The resultant losses have increased significantly, with costs expected to hit
$11 billion.

Attackers have been using
ransomware for decades, yet it remains an effective tool because it takes
minimal skill and effort compared to traditional computer crimes. Dark web
sites have all the resources that criminals need to execute their attacks. They
can purchase Ransomware-as-a-Service (RaaS) and initiate the attacks themselves
or use botnets to spread it. They can also easily find instructions for
accepting bitcoin payments and anonymously communicating with potential
victims.

The key factor that makes
ransomware so effective is the psychological nature of the attacks. If an
attacker sends an email carrying a malware-laden attachment to 10,000 people,
and just one person downloads and opens it, the hacker has succeeded.  As such, hackers will take advantage of
users’ generosity, desire to save or earn money, or any number of other
emotional triggers to increase the likelihood that they’ll convince that one
user to fall for their phishing emails.

Compassion

One particularly insidious
example is the CryptoMix ransomware, which promises to send the ransom money to
charities such as the “International Children Charity Organisation”. Of course,
no money actually goes to any children.

Helplessness

If an organization has not
implemented a robust system of backups, there’s no way to prevent a ransomware
attack from crippling its IT systems and locking users out of important files.
Once this happens and the malware spreads, it’s not uncommon for the victim to
have no idea whom to call for help. This helpless feeling leads many victims to
conclude that the only way to recover their files is by paying money to the
anonymous criminal on the other end of the Internet.

Unless the ransomware is well
known and decryption keys are readily available, the best that an expert can do
is teach the victim how to rebuild the system from scratch and load the backups
(if there are even backups available). The only other options are to pay the
ransom or consider all of the data lost.

Humiliation

Many victims are too
embarrassed by their mistake to seek help.
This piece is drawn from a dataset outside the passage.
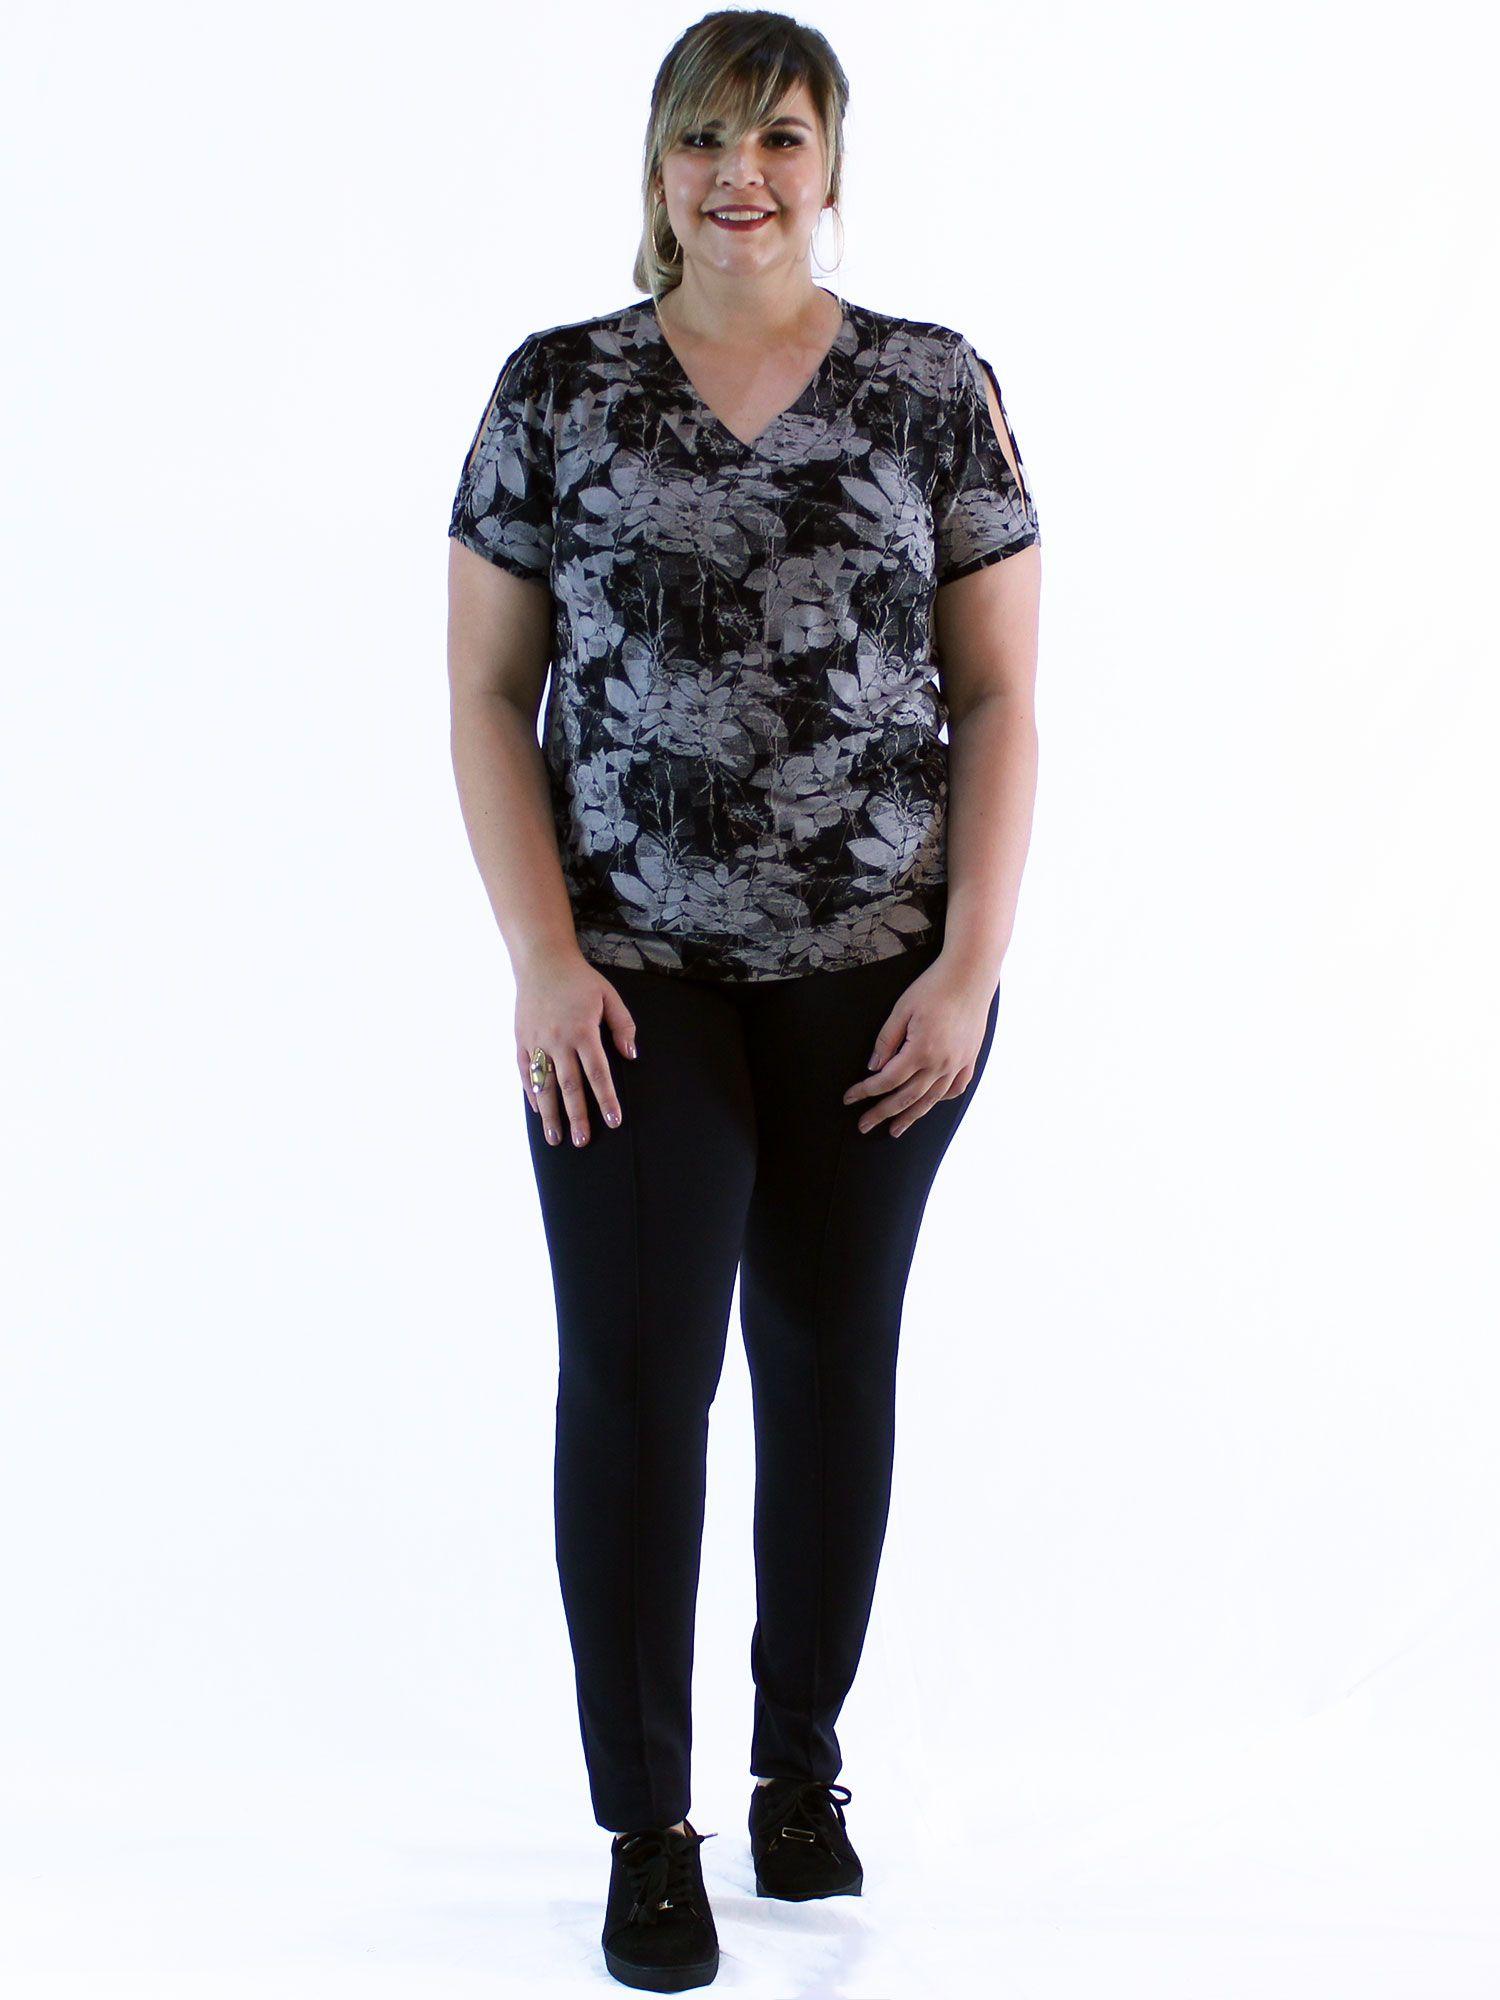 Blusa Plus Size KTS Estampada Decote Diferenciada Preto

They don’t want to be seen as
technically inept, so they are left reliant on the criminal as their only
source of guidance.

Attackers usually make it
sound like they are doing the victim a favor by helping to recover the lost
data. They might even be willing to negotiate with the victim, bizarrely making
it seem like the victim owes them a favor. The criminal then frequently has to
walk the victim through buying and sending the bitcoin payment.

Responsibility

At the other end of the
spectrum are the enterprises, hospitals and government agencies that fall
victim to ransomware attacks. For these entities, the question of whether or
not to pay the ransom is a business decision. In some cases, the organization has
a mandate not to pay criminals. No matter what the cost, on principle alone,
they will deal with the consequences of non-payment.

The FBI does not advocate
paying ransom, in part because it does not guarantee that the person or company
will regain access to their data. In some cases, victims who paid a ransom were
never provided with decryption keys. In others, flaws in the encryption
algorithms of certain ransomware variants prevented victims from recovering
some or all of their data, even with a valid decryption key. The FBI also warns
that paying ransom emboldens criminals to target other organizations and
provides an alluring and lucrative enterprise for other bad actors.

Many organizations analyze
the costs of potential downtime and data recovery (assuming the data can be
recovered) before paying the ransom. Then, as long as the ransom does not
exceed the expected costs to otherwise address the attack, the company makes
its decision based on the perceived likelihood that paying the ransom will result
in the desired outcome.

As you can see, the technical
issues of ransomware are the least of the problem. While it is not necessarily
simple to mitigate ransomware, the process is known. The decision-making
process is, however, a very emotional one.

As security
professionals, it is our nature to approach the situation as a technical one.
However, we need to be aware of how people rationalize the business decisions
they make regarding which direction to take.